CAN grants can be made available to any government, private, or non-profit entity for the purpose of, among other things, promoting innovation and helping the recipient to establish protocols that comply with FDA’s standards and permit the recipient to meet regulatory requirements “at all stages of development, manufacturing, review, approval, and safety surveillance of a medical product.”  Awards can be granted in amounts not to exceed $15,000,000 per project per fiscal year.
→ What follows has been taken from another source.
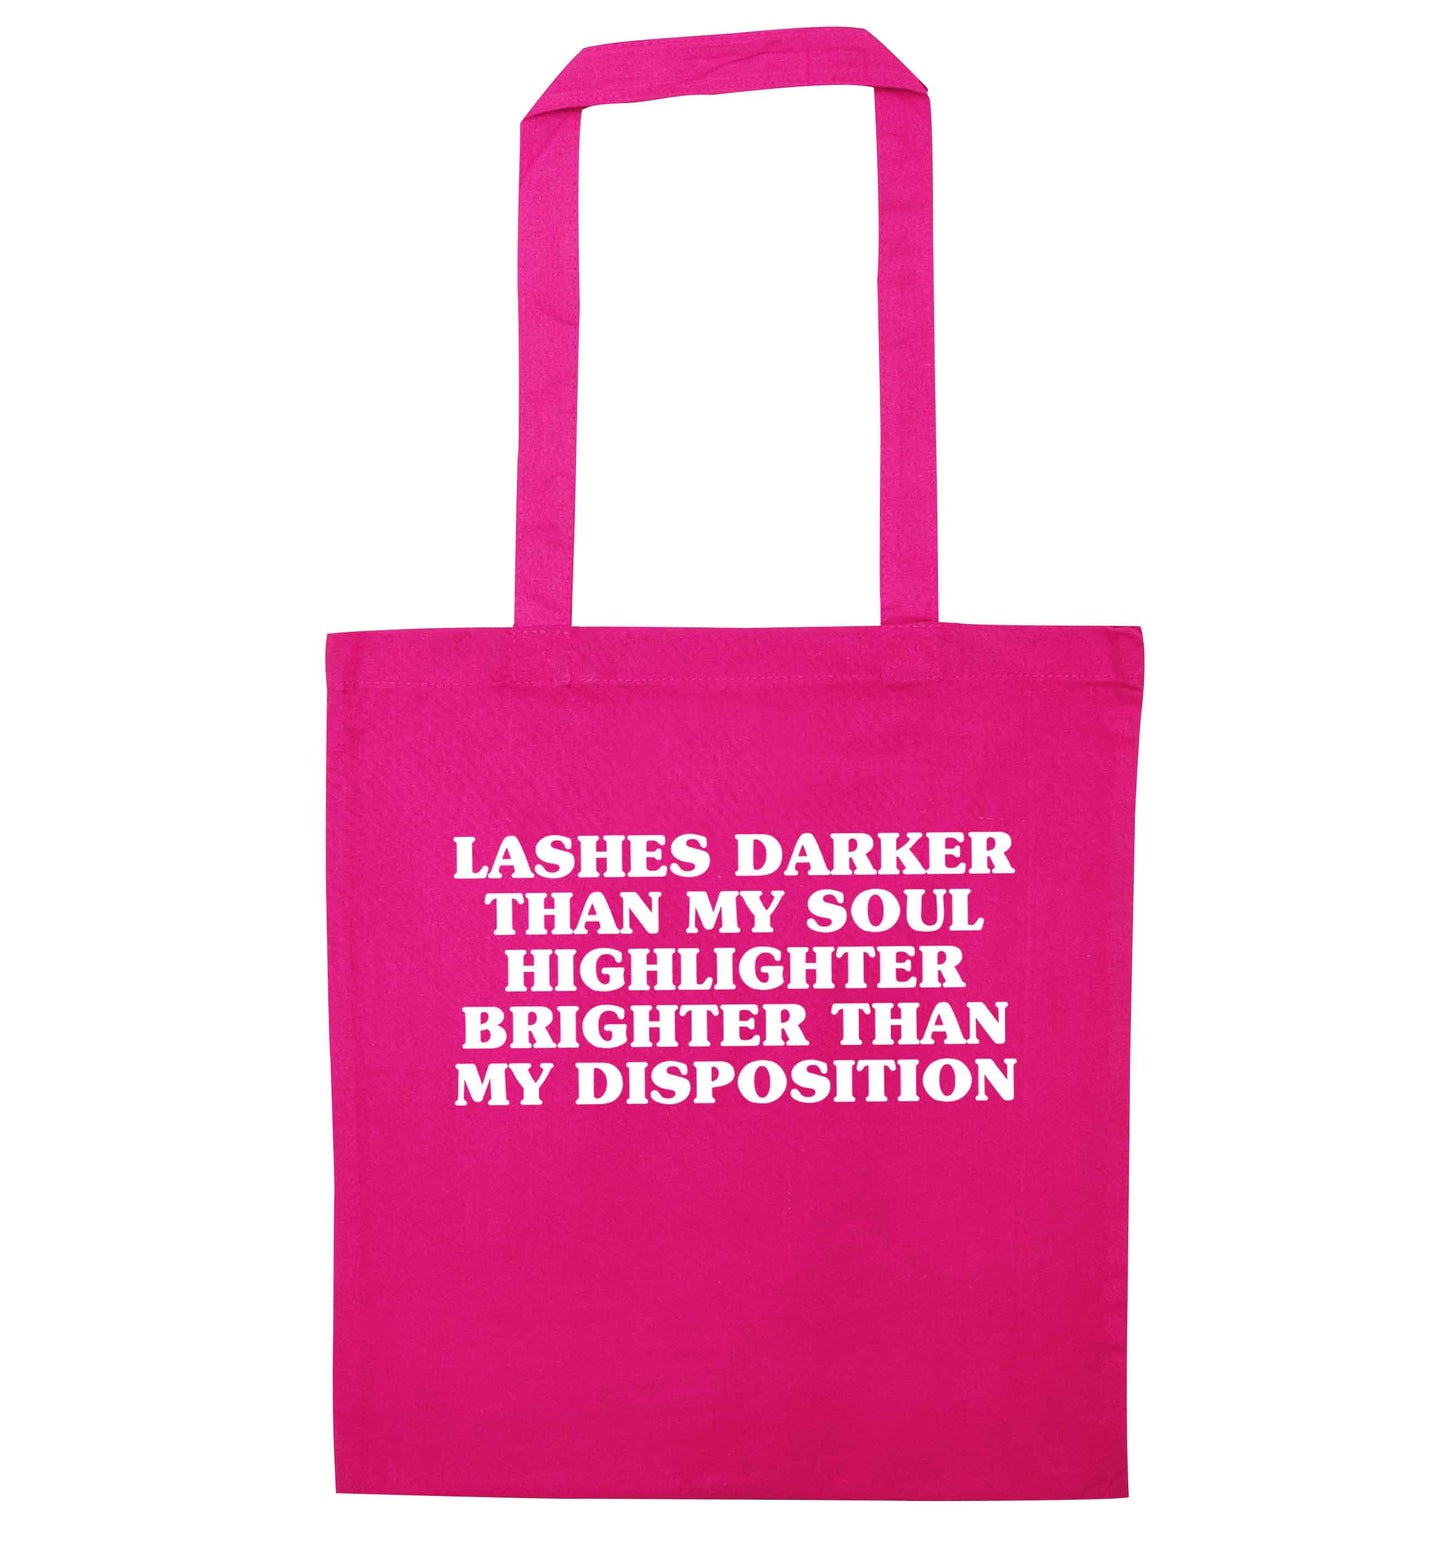 Lashes darker than my soul, highlighter brighter than my disposition pink tote bag

IOM’s paper repeatedly emphases that although CAN does not yet have the funding to support major projects, it can be a crucial catalyst for innovation within NCATS and industry, generally.  In its first years, the key to the program’s success is finding ways to “catalyze interesting, novel collaborations, get work done faster, and make a real difference in patients’ lives.”
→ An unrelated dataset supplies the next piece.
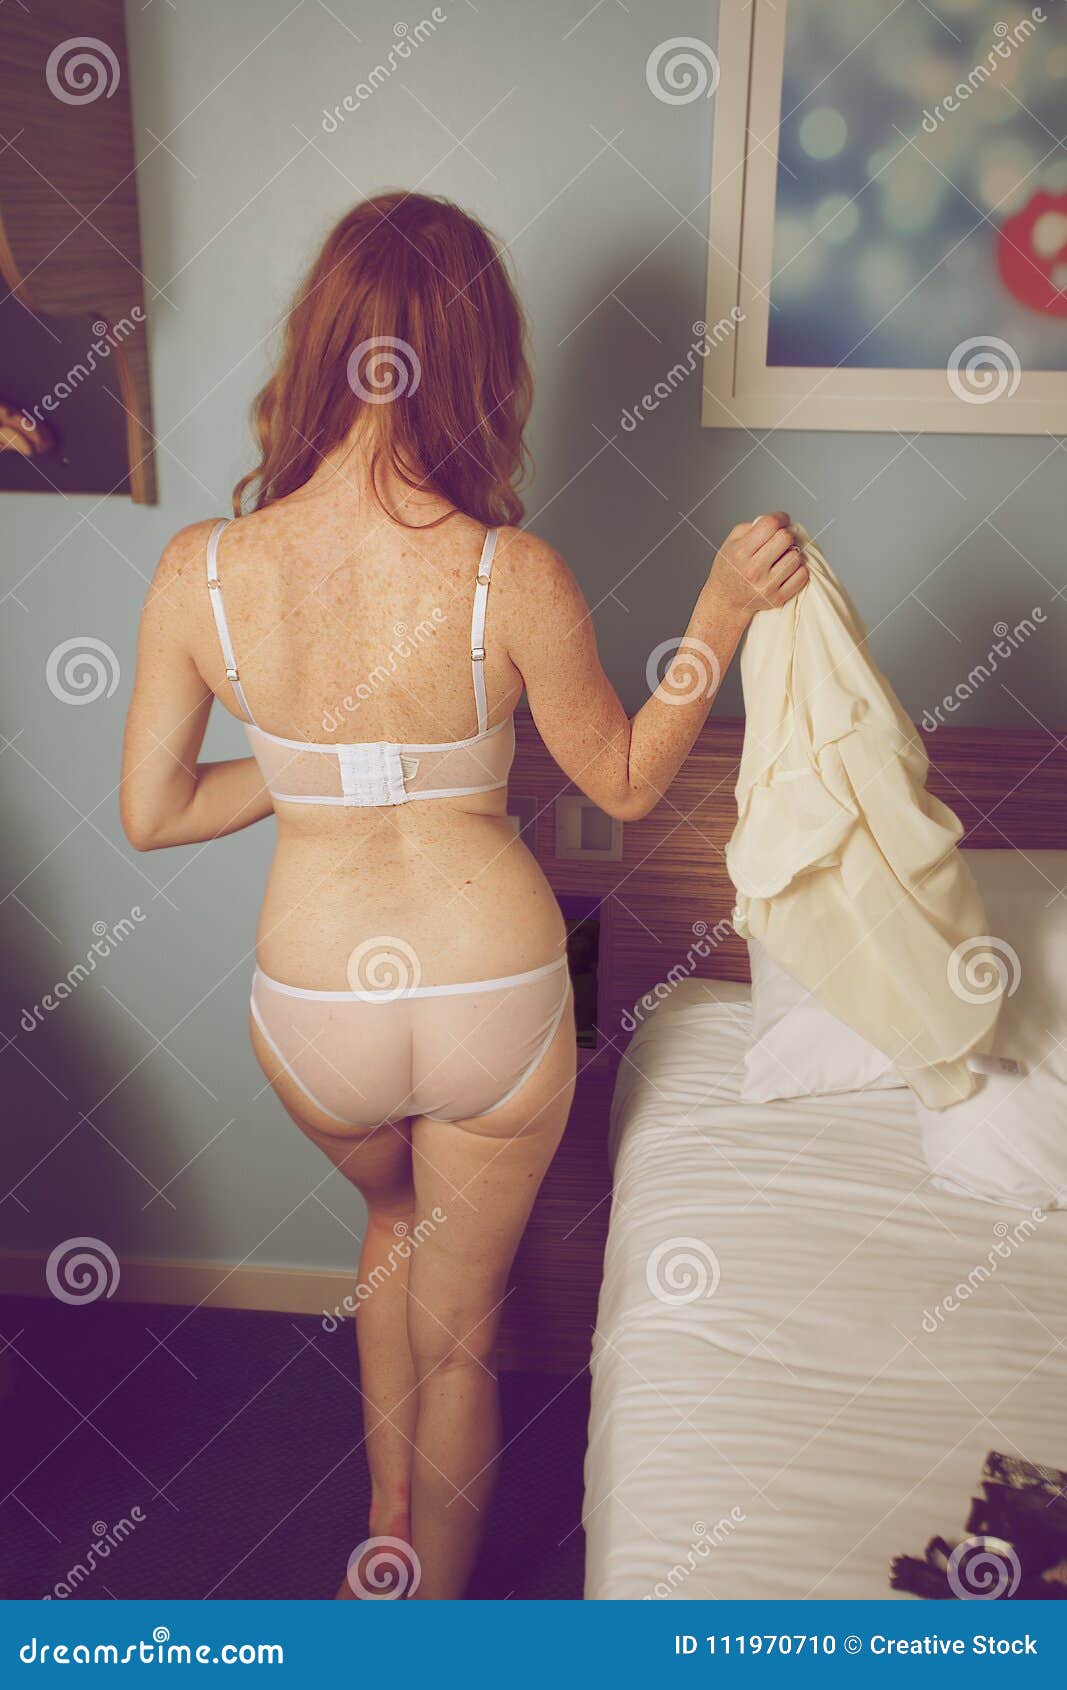 Woman gets undressed stock photo image

An Overview of the IOM Paper.  Chapter 1 gives a summary of CAN and discusses an overview of the workshop themes.  Chapter 2 provides analysis related to differing approaches to accelerating translational science and reviews several successful drug development projects as case studies.  Chapters 3 and 4 discuss two unique features of CAN: (1) the authority to require funds to be matched one-to-three from other sources (a requirement that can be waived), and (2) the authority to use “other transactional authority” (a more flexible form of contracting that contributes to the ongoing success of Defense Advanced Research Project Agency (“DARPA”) and avoids some traditional government regulations and policies such as Federal Acquisition Regulations (“FAR”), provisions of the Bayh-Dole Act, and NIH peer-review requirements whereby allowing federal agencies to partner with organizations, and particularly large companies, that have concerns about the standard federal contracting process).  Chapter 5 examines how CAN relates to the broader drug development framework.  And the final chapter, Chapter 6, concludes by highlighting several actions CAN should take to create major impacts in the development of cures.
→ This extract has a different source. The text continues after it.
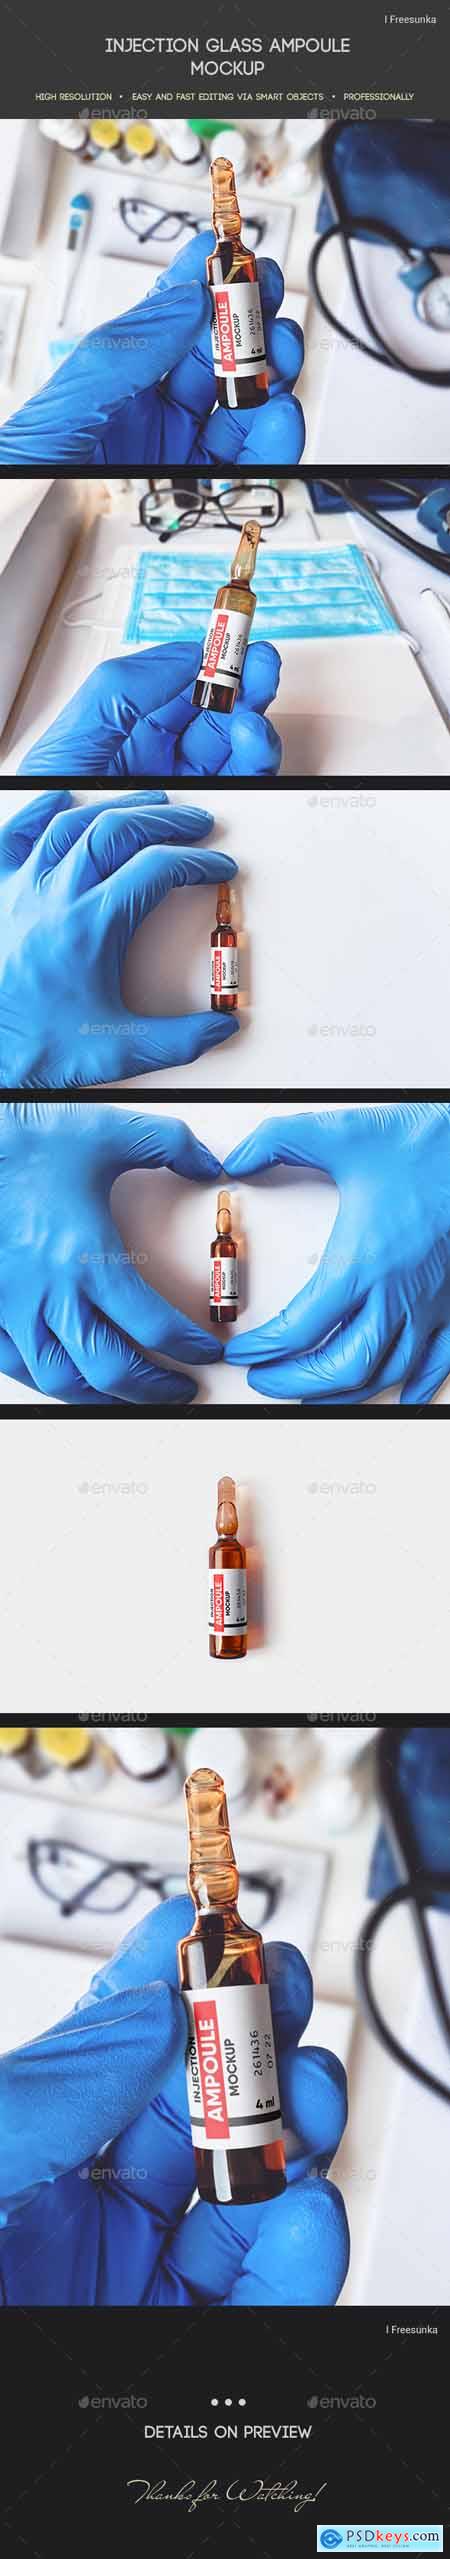 Injection Glass Ampoule Mockup 26238829

Key Takeaways from the IOM Paper and Workshop.  A central function of CAN is to “facilitate review in the [FDA] for the high need cures funded by CAN.”  One of the ways CAN may be able to help regulatory science and FDA review is to address gaps in regulatory science that could greatly improve product development.  More specifically, CAN could be used to further develop the regulatory science toolbox and create a more efficient pathway to develop and evaluate products.  The paper notes that the workshop participants repeatedly emphasized the catalytic function CAN must play due to its limited initial funding and acknowledged several steps that CAN could enable, including “building precompetitive cross-cutting consortia, developing better evaluative tools and measure, and supporting relevant data gathering and sharing initiatives.”  The following areas were identified as areas where CAN could also potentially help, such as discovering and implementing “new endpoints, new trial designs, better biomarkers to divide diseases into subsets according to prognostic or response predictors, patient-reported outcomes that have credibility, and natural history studies to understand disease course, particularly for rare diseases.” 

The key, after all, is for the program to find “a ‘sweet spot’ where industry is not investing, but promising opportunities exist.”  And to do this CAN must “cut through red tape, create culture change, and create new tools and new processes that will make a demonstrable difference.”